Data shown
....

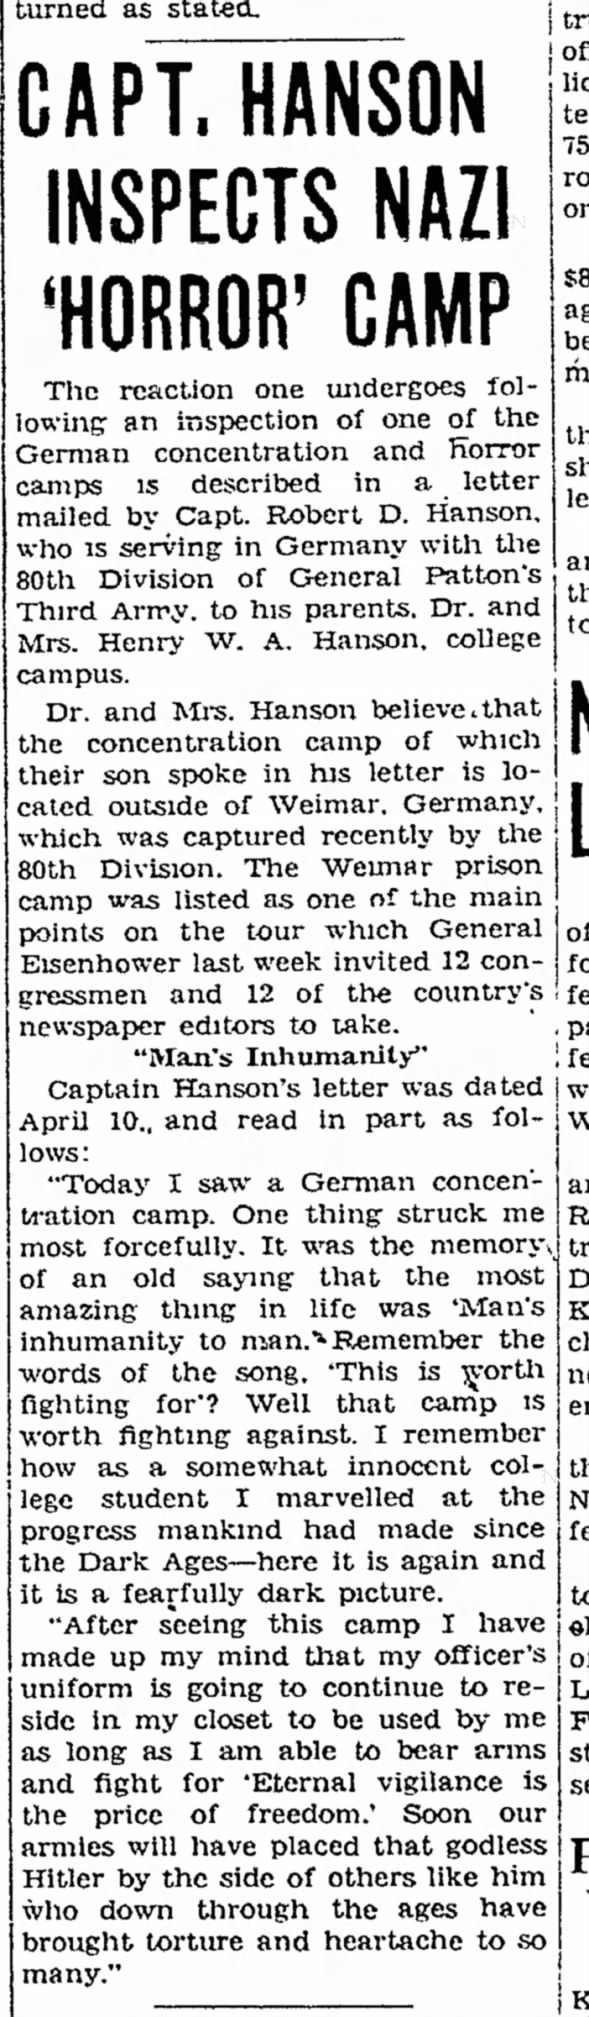 Capt. Hanson Inspects Nazi 'Horror' Camp
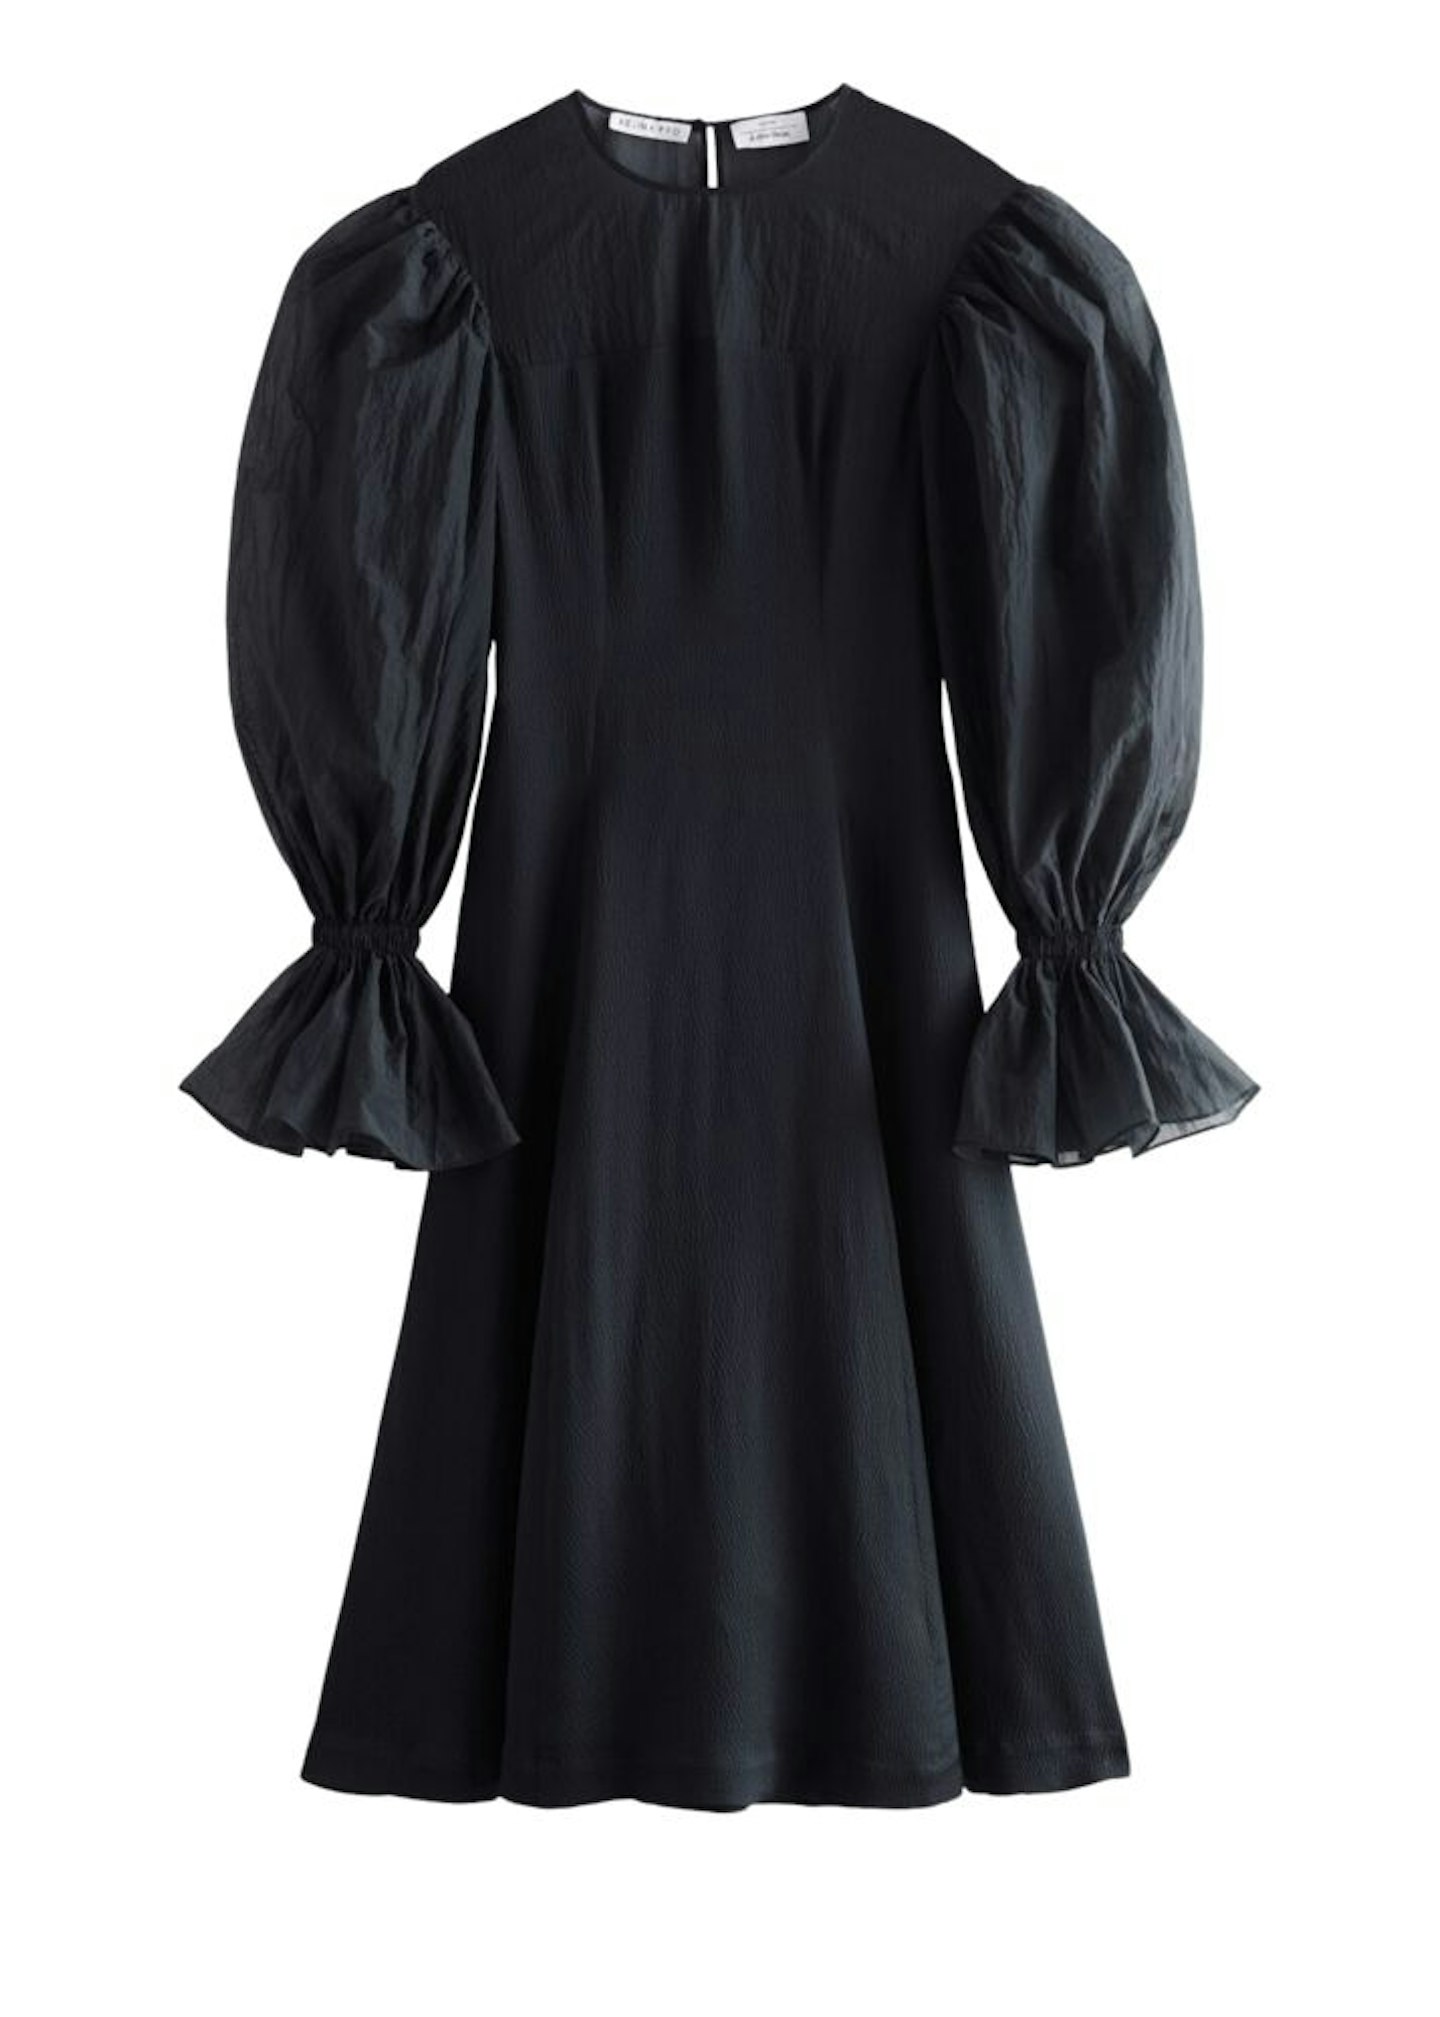 Rejina Pyo & Other Stories, Black Dress, £175
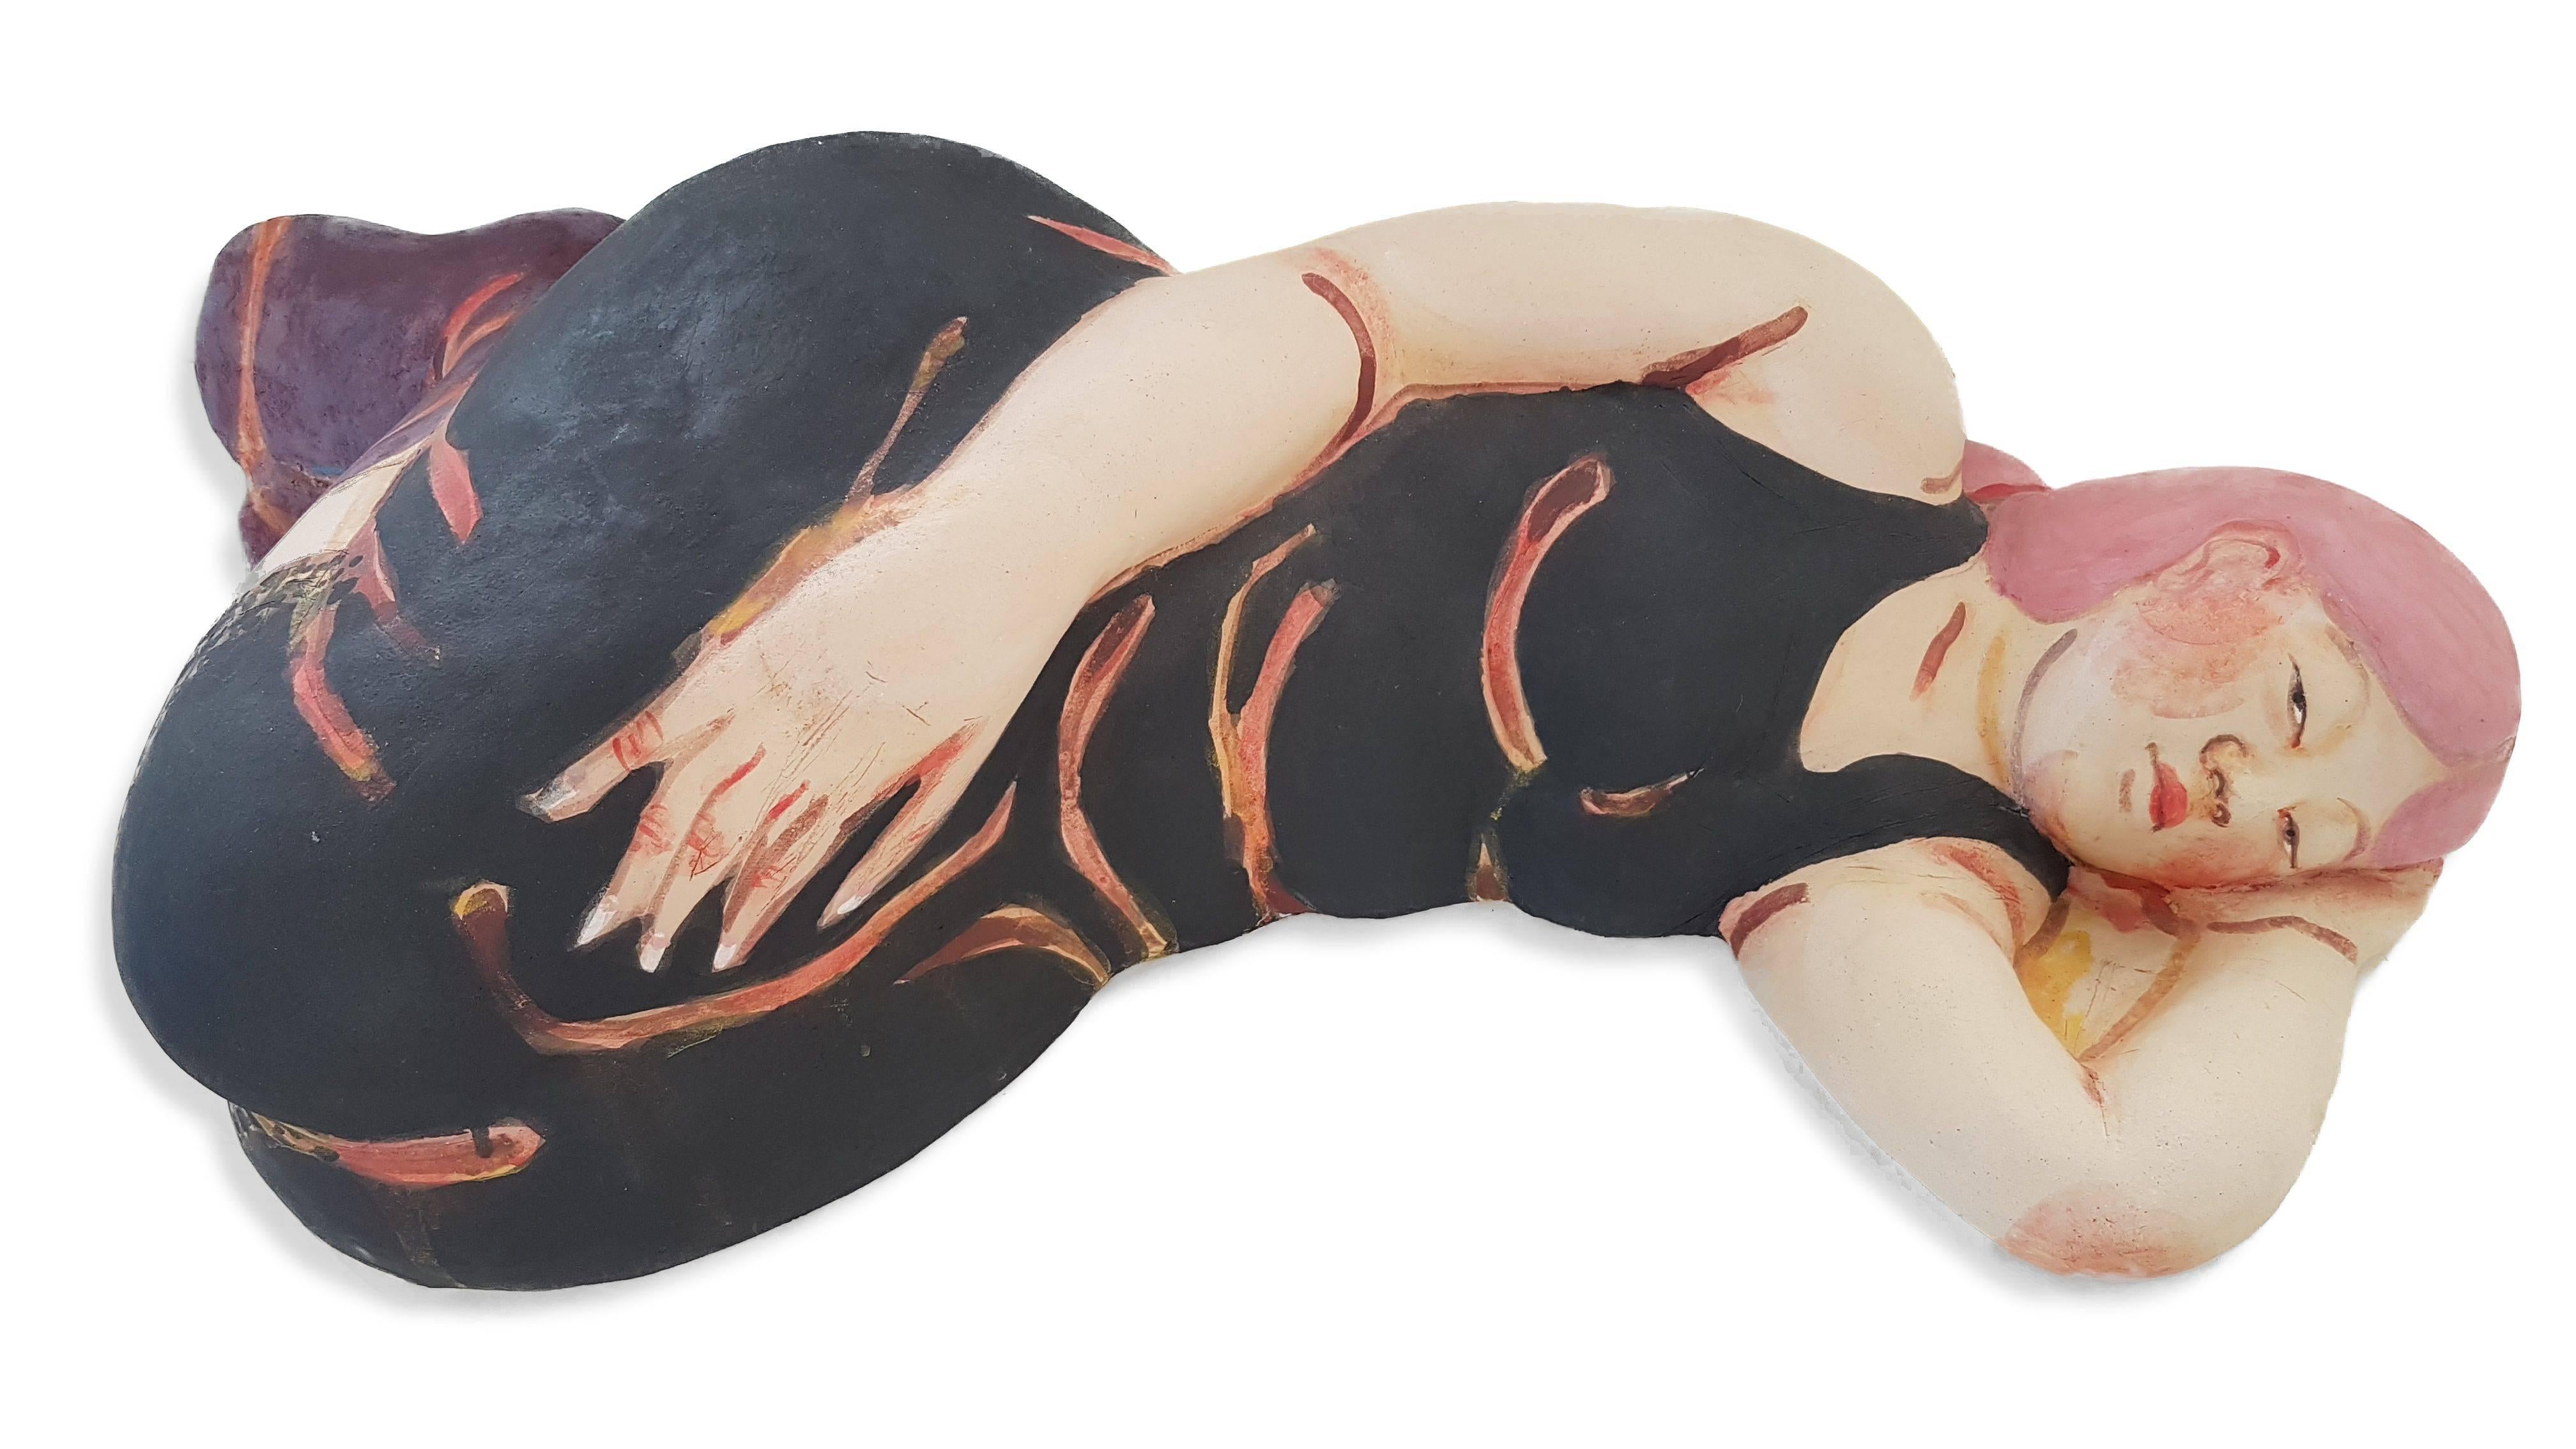 Akio Takamori Figurative Sculpture - Sleeping Woman in Black Dress with Red Hair

....

Task goal
Make an exact copy of the listing, with no images in it.

Task output
 Capt. Hanson Inspects Nazi 'Horror' Camp
 Rejina Pyo & Other Stories, Black Dress, £175
 Akio Takamori Figurative Sculpture - Sleeping Woman in Black Dress with Red Hair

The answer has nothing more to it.